## [Task]
Output all the data exactly. Pictures do not belong in the copy.

## [Information provided]
'''
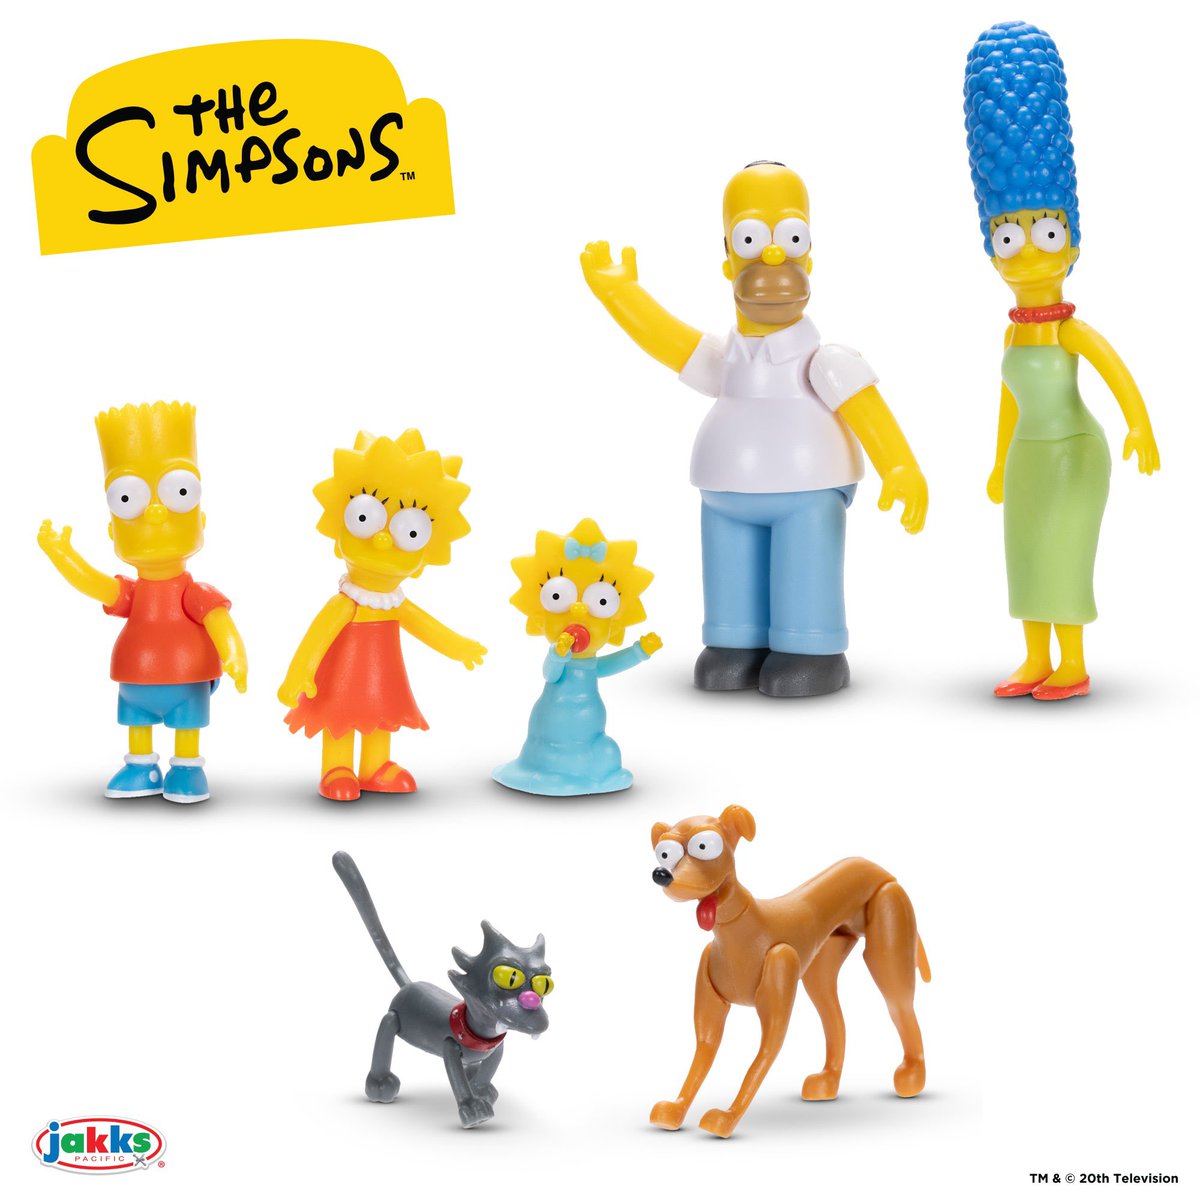 The Simpsons Action Figures Family Multi-Pack By Jakks Pacific
Release Date:1th September 2024
#TheSimpsons #LosSimpsons #Simpsons #Figure #Pack #TheSimpsonsFigure #TheSimpsonsPack #MultiPack #ActionFigure #HomerSimpson #MargeSimpson #BartSimpson #LisaSimpson #MaggieSimpson
'''
## [Completed task]
 The Simpsons Action Figures Family Multi-Pack By Jakks Pacific
Release Date:1th September 2024
#TheSimpsons #LosSimpsons #Simpsons #Figure #Pack #TheSimpsonsFigure #TheSimpsonsPack #MultiPack #ActionFigure #HomerSimpson #MargeSimpson #BartSimpson #LisaSimpson #MaggieSimpson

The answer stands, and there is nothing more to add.